Data:

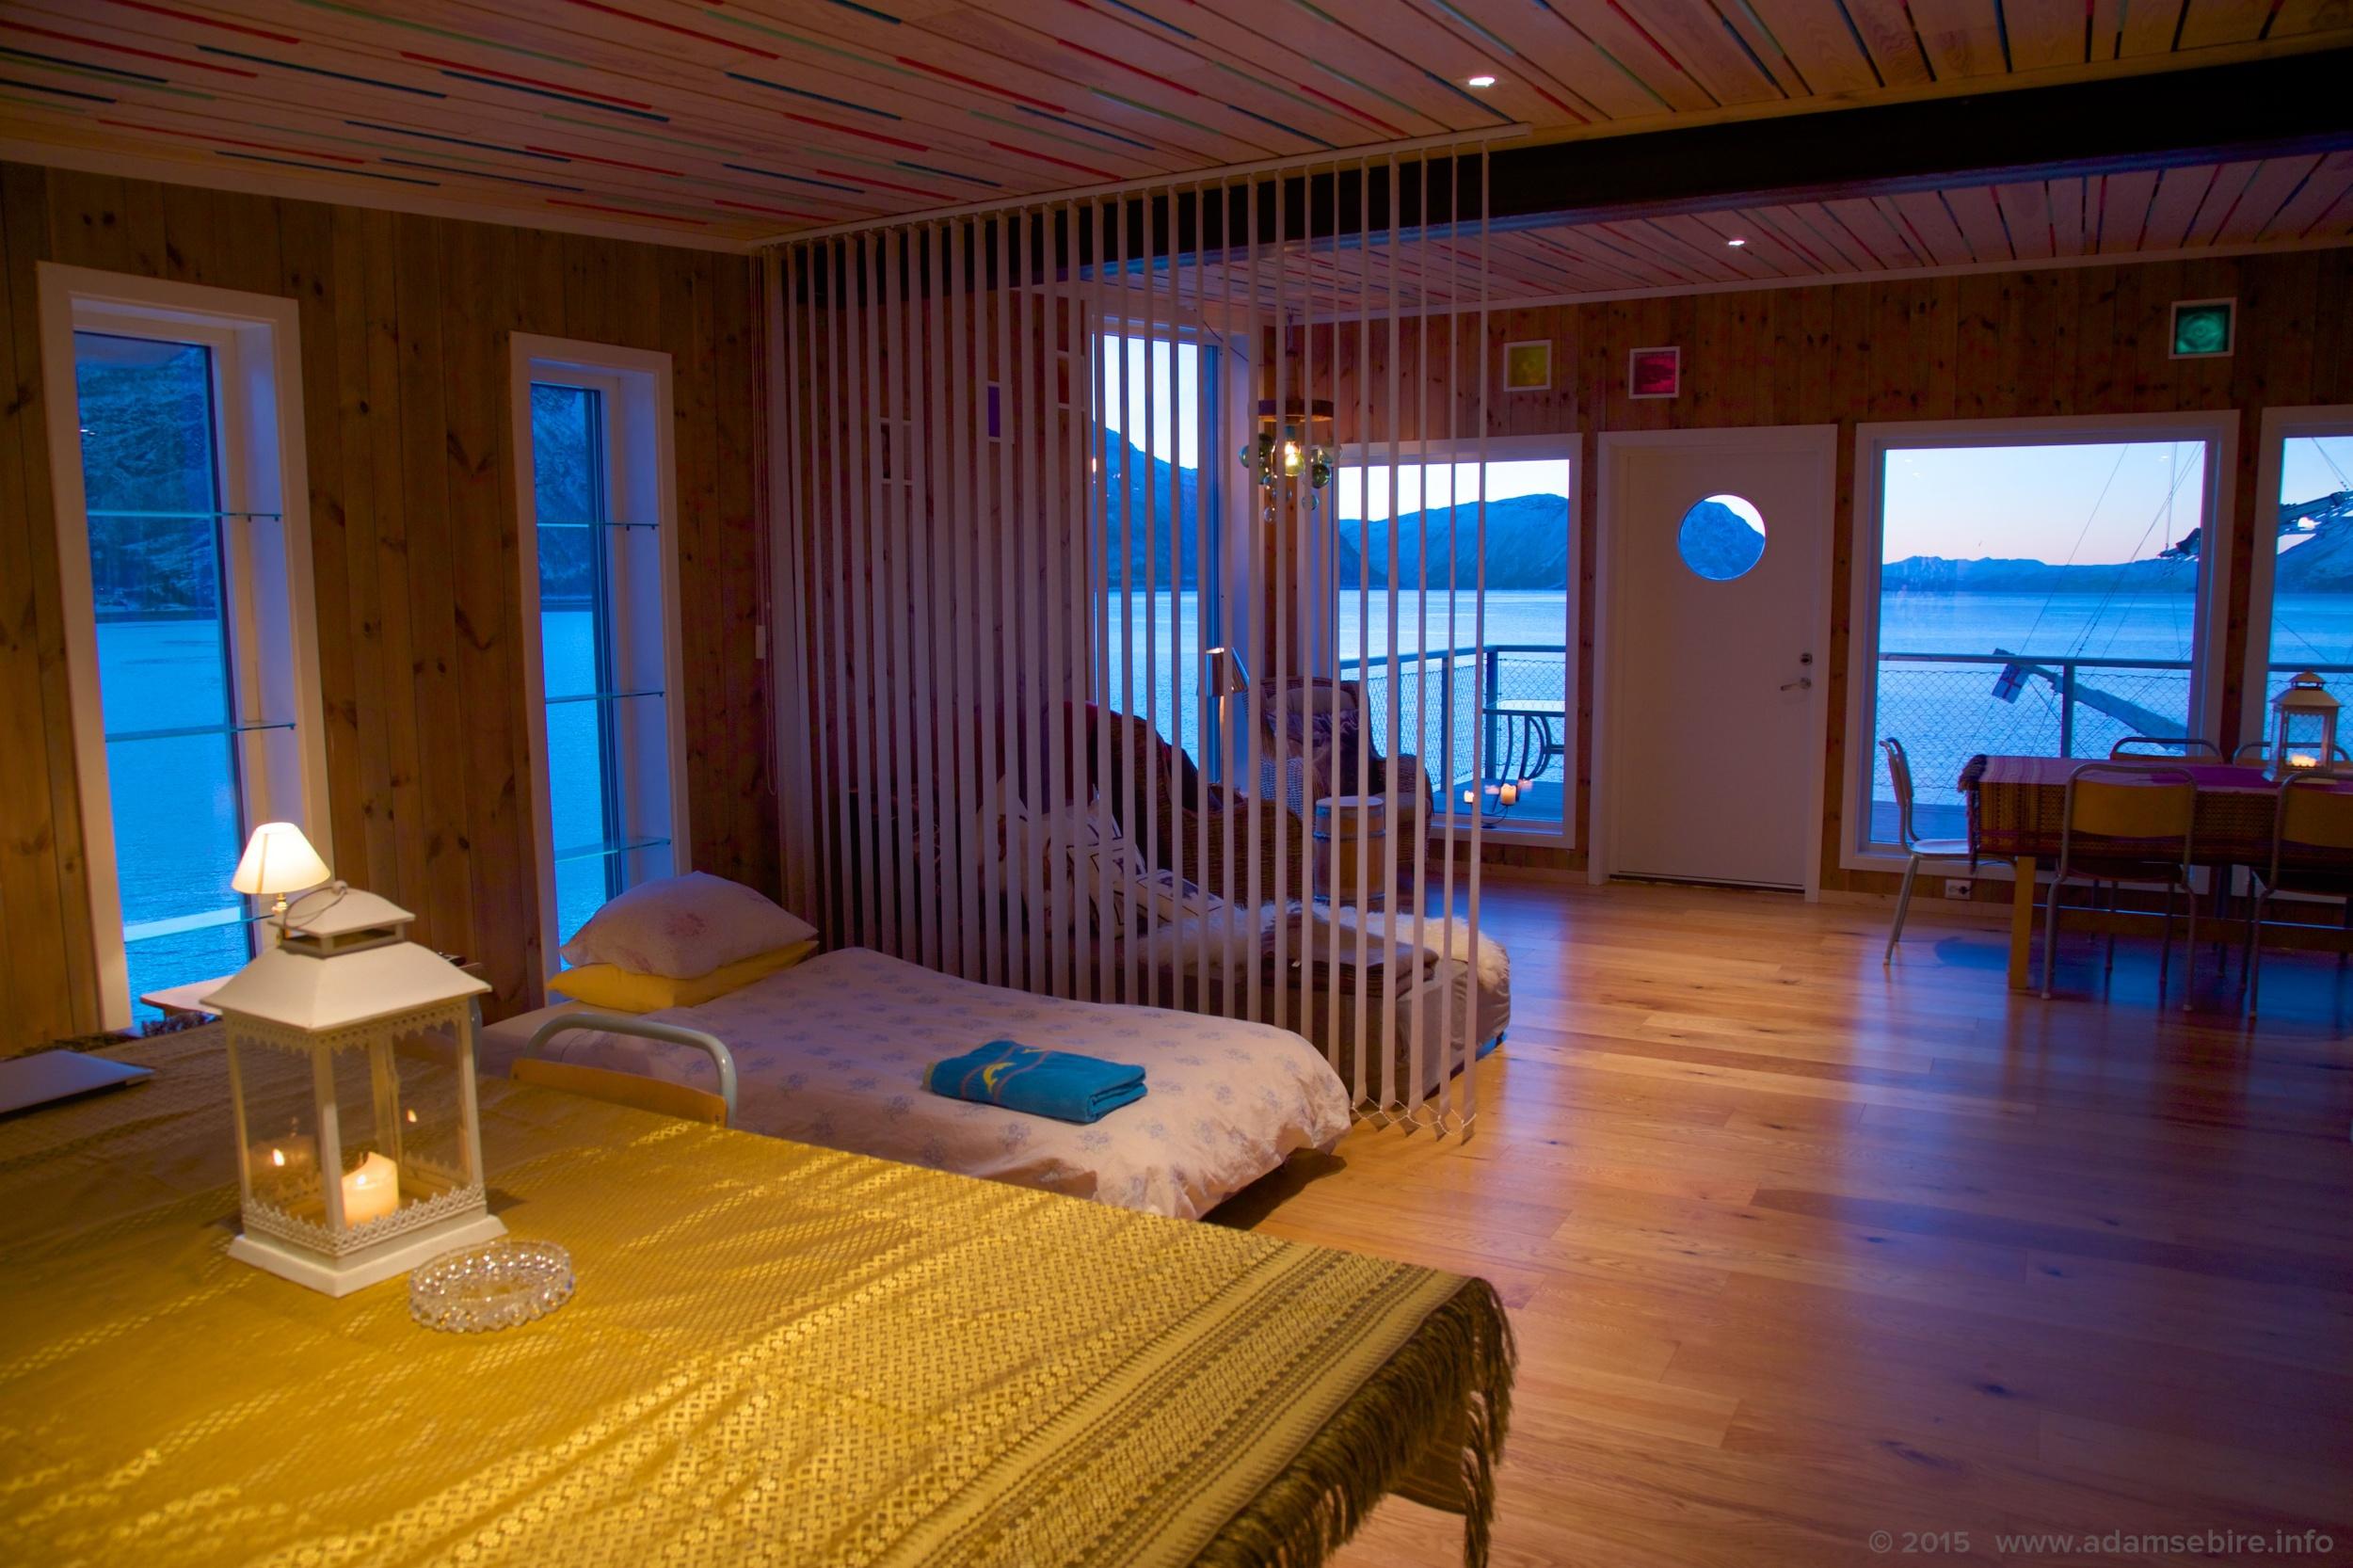 Airbnb interior photograph, Arctic Norway
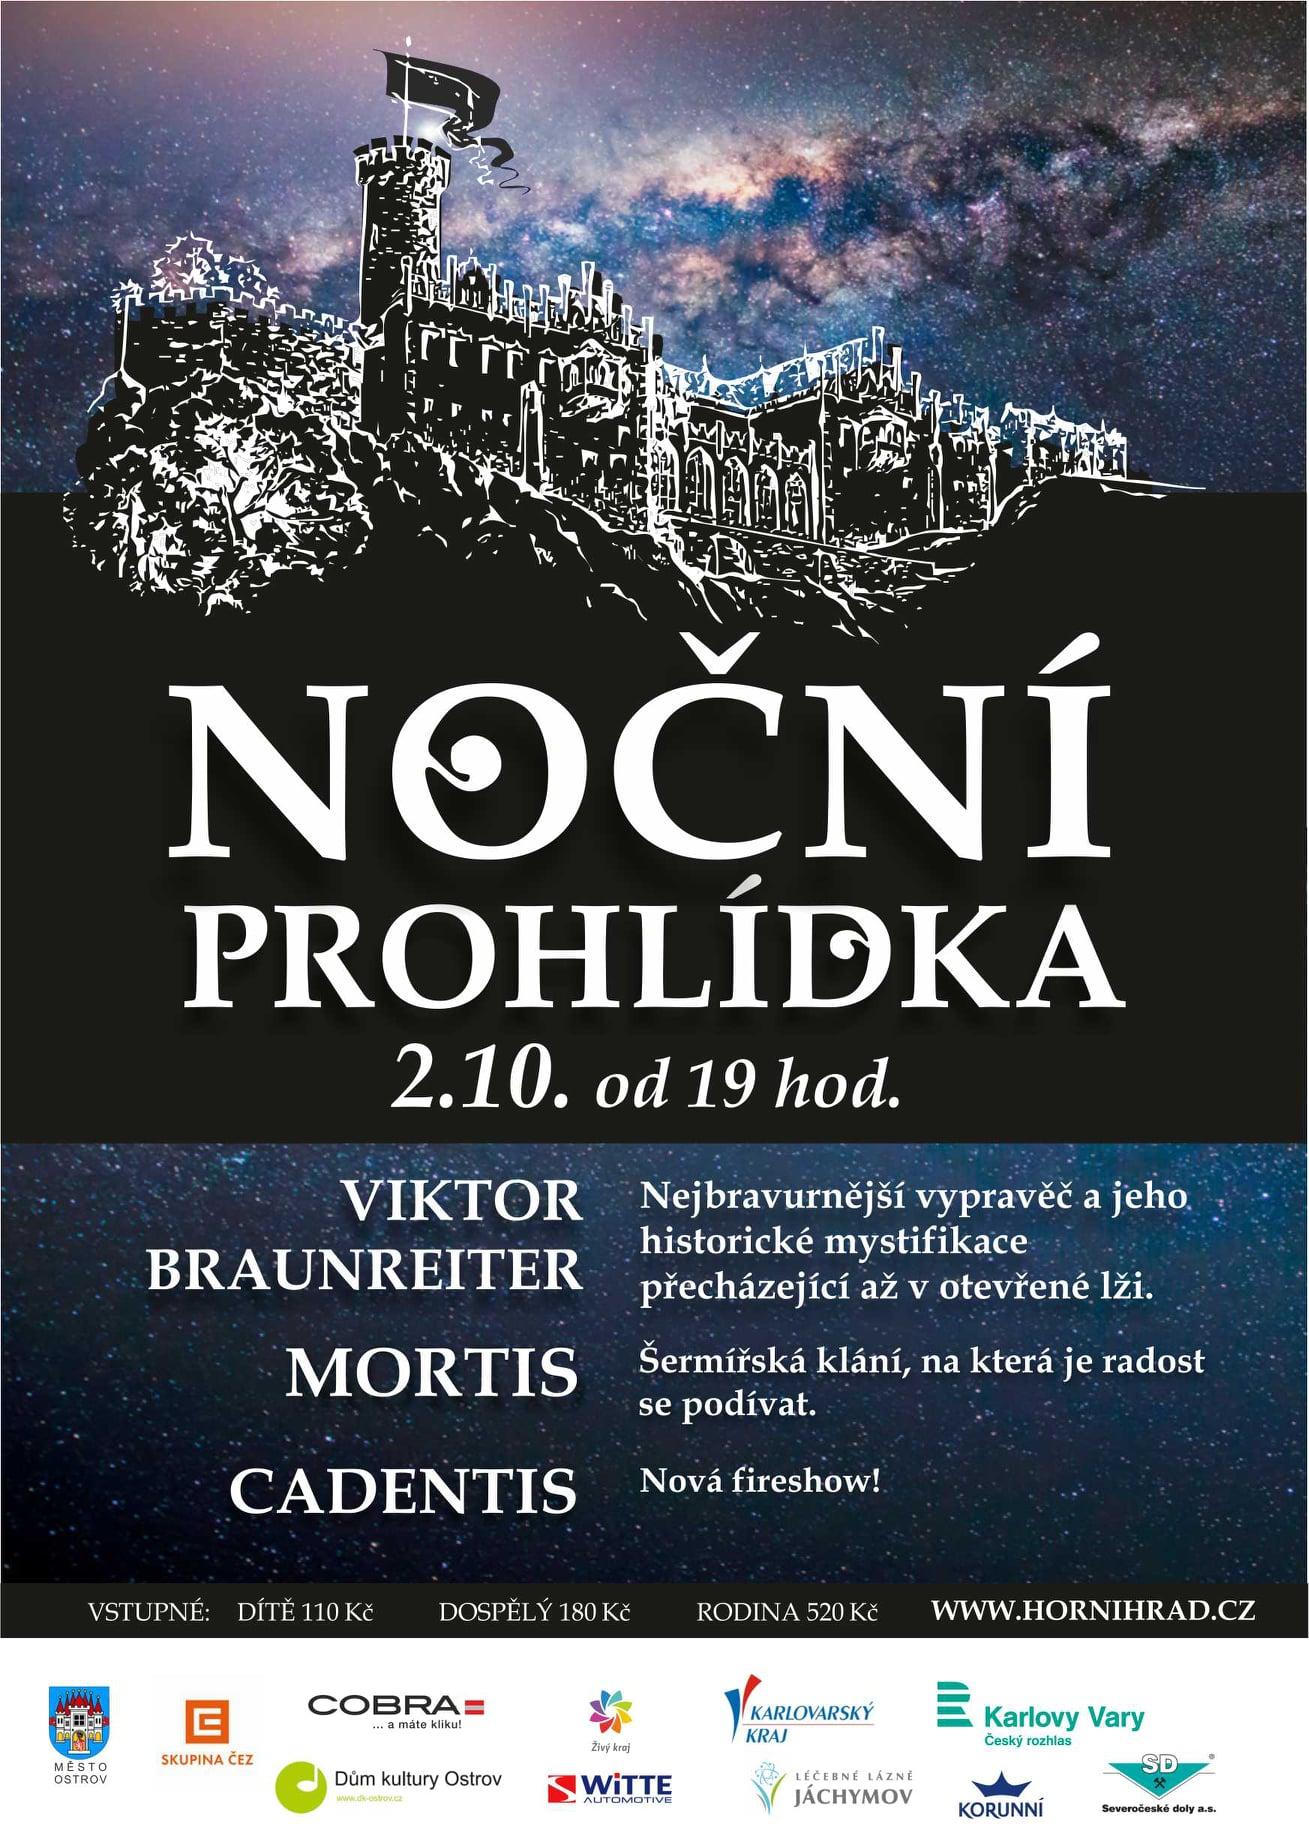 horni-hrad-nocni-prohlidka-rijen-2021
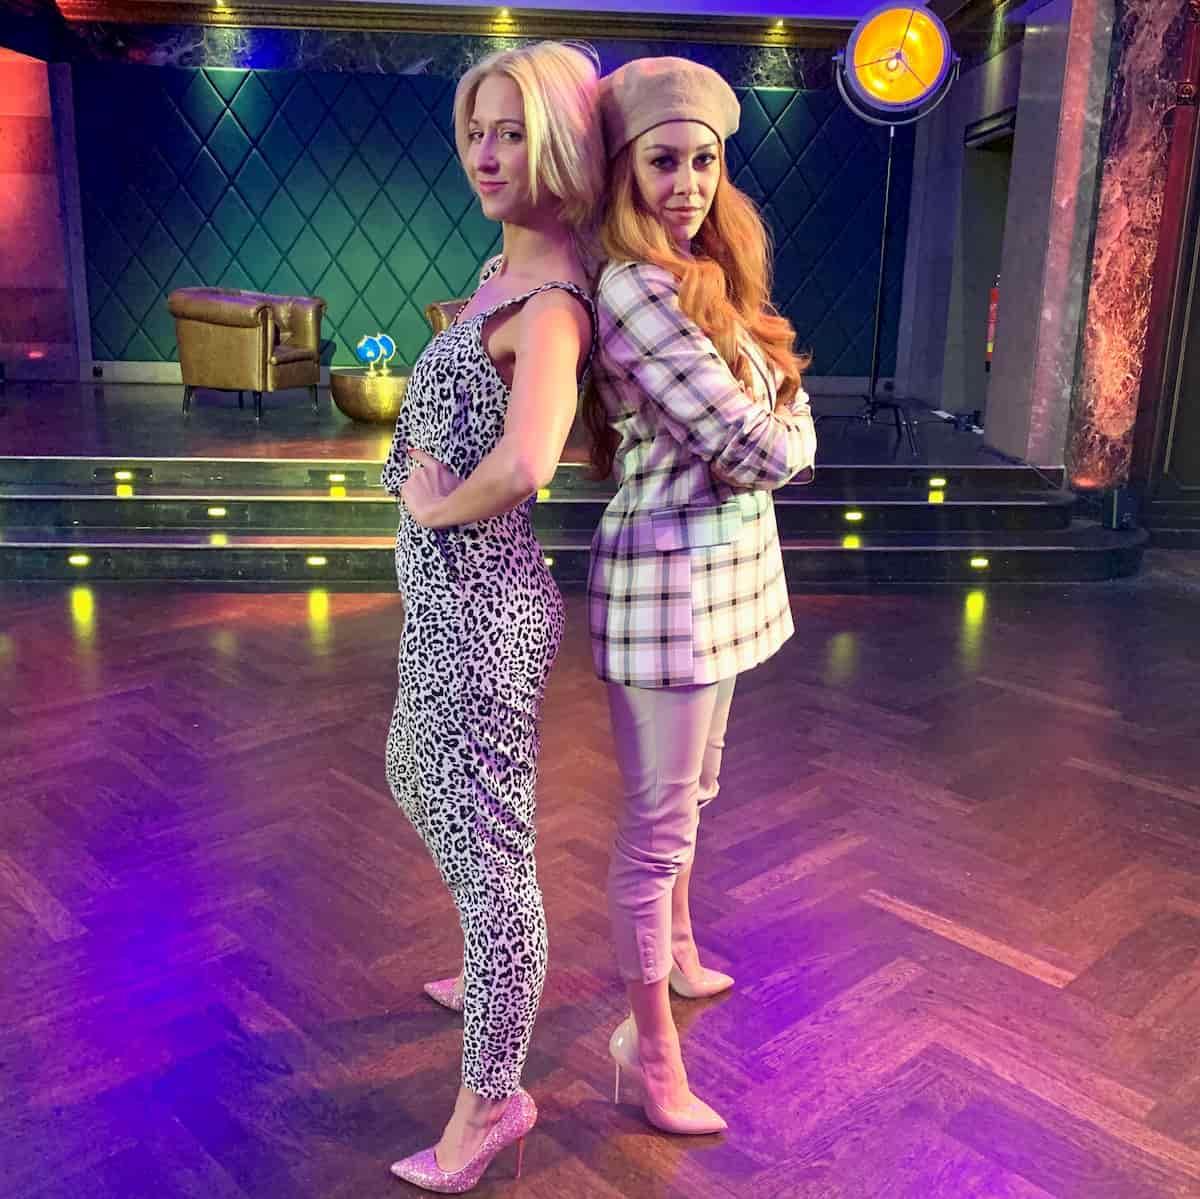 Kathrin Menzinger und Oana Nechiti - Llambis Tanz-Duell am 19.4.2020

What is expected: Find the line with "horni-hrad-nocni-prohlidka-rijen-2021" in the listing and extract it and all lines after it through the end, exactly, without the pictures.

Output:
 horni-hrad-nocni-prohlidka-rijen-2021
 Kathrin Menzinger und Oana Nechiti - Llambis Tanz-Duell am 19.4.2020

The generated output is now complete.